Without giving away too much about The Russian Key, Laber clearly has an enticing story to share. The initial idea of her thriller came from her experiences as a graduate student of Russian Affairs in the early 1950s. At the time, almost no one in the US or Europe was granted permission to travel behind “the Iron Curtain.” Then, just after Stalin died in 1954, Laber and three other grad students, much to their astonishment, received visas approving their travel to what was then the USSR. She and her fellow students spent a “heady” month traveling throughout the Soviet Union. At Moscow University, Laber met a ” very attractive Russian student,” though no relationship could or did develop.

With novelistic finesse, Laber has turned that fragment of personal history into the beginning of her novel where Katherine (Kate) Landau, a Smith College student, travels to the USSR with two classmates. She meets a Russian student, they have a brief affair, she takes a photo of him, and she ends up in jail. Ten years later, they meet up again in New York City and pick up the affair. Only now he is a KGB officer, posing as a diplomat, and she, unknown to him, is with the CIA, assigned to find out all about him.
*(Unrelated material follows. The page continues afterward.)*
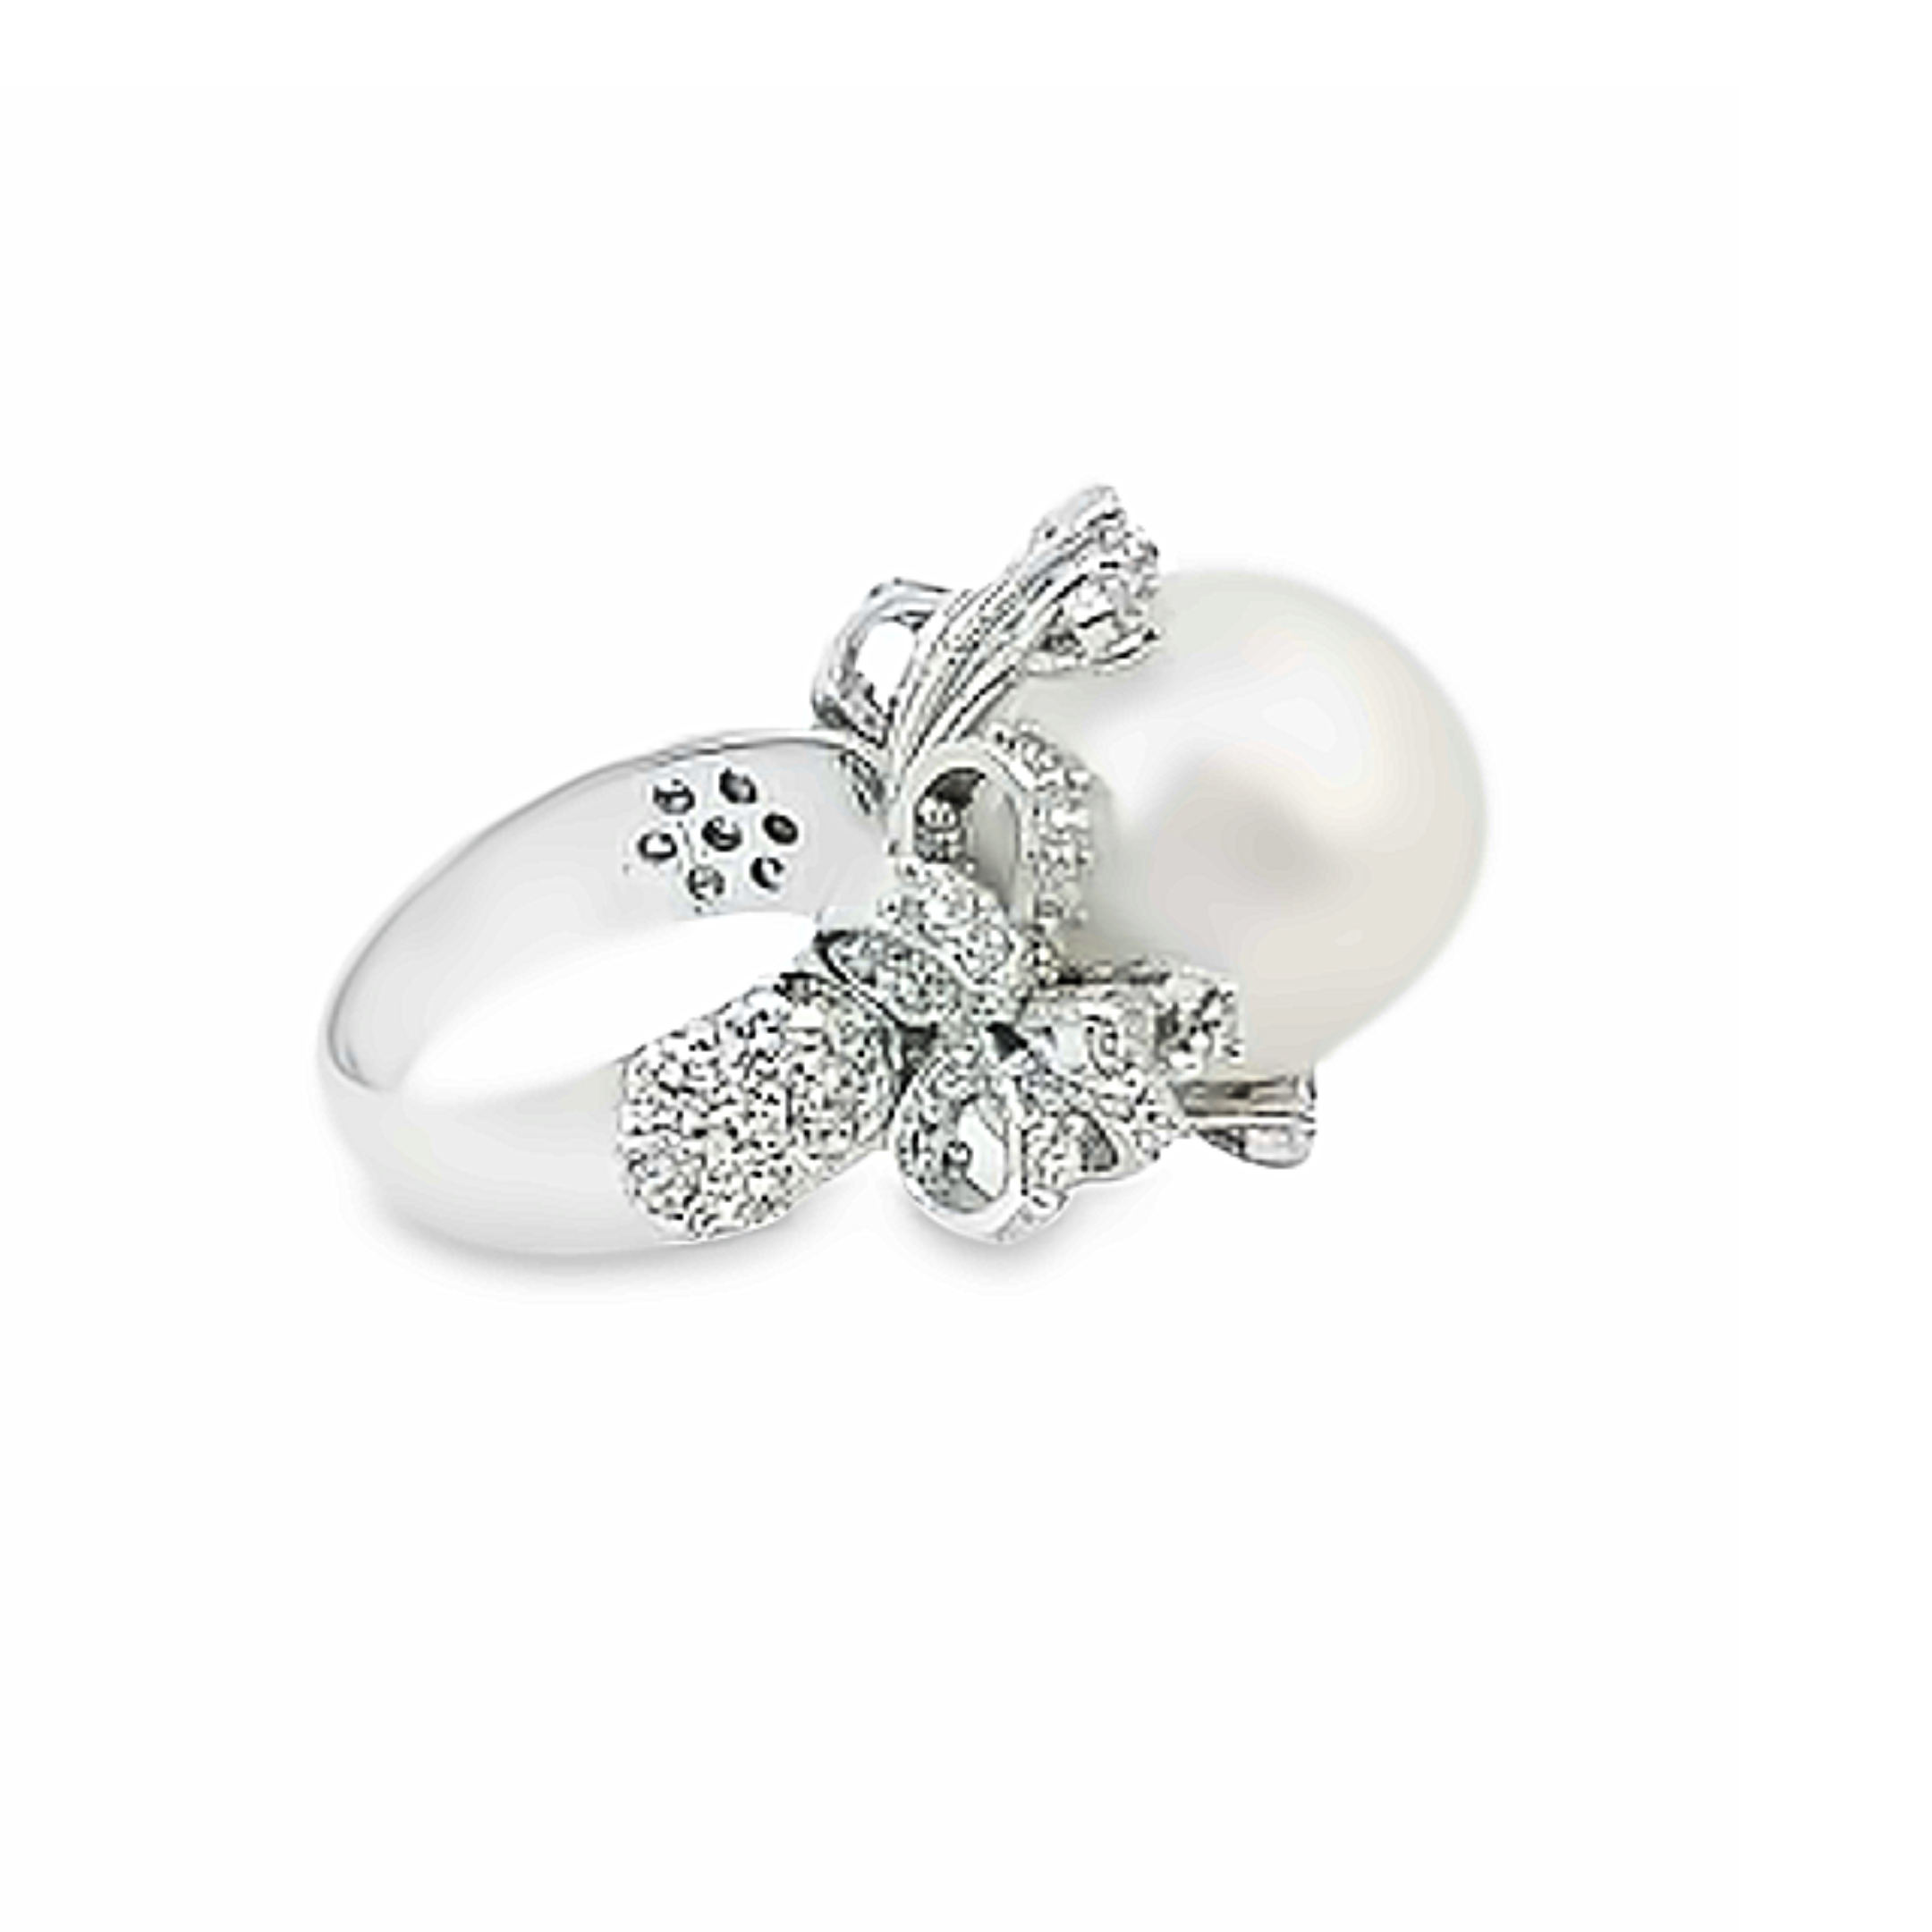 14k White Gold Diamond And Round Fresh Water Pearl Engagement Ring 2.50c

That’s just the beginning.

“Writing fiction is very freeing,” Laber says. “When you’re writing non-fiction for The New York Review of Books, you need to check every word.” She thought a thriller would be fun and easy to write. “I thought I’d just knock it out.” The fun part, yes.  Easy, not so much. “My novel is a page-turner,” Laber says, “but I also want it to inform younger readers of what it was like under Communist oppression during the Cold War.”

Describing herself as “a night person,” Laber often finds herself writing late in the evening before going to sleep. She writes when ideas come to her, with no particular schedule. She’s received comments and suggestions from her daughters at various stages of the novel and has also recruited the professional assistance of the editor who worked on her memoir. The experience of writing a thriller has been an adventure and there are now only a few final touches needed. As always, Laber is up for the challenge.  In this case, it’s self-publishing The Russian Key, her forthcoming novel, soon to be available on Amazon.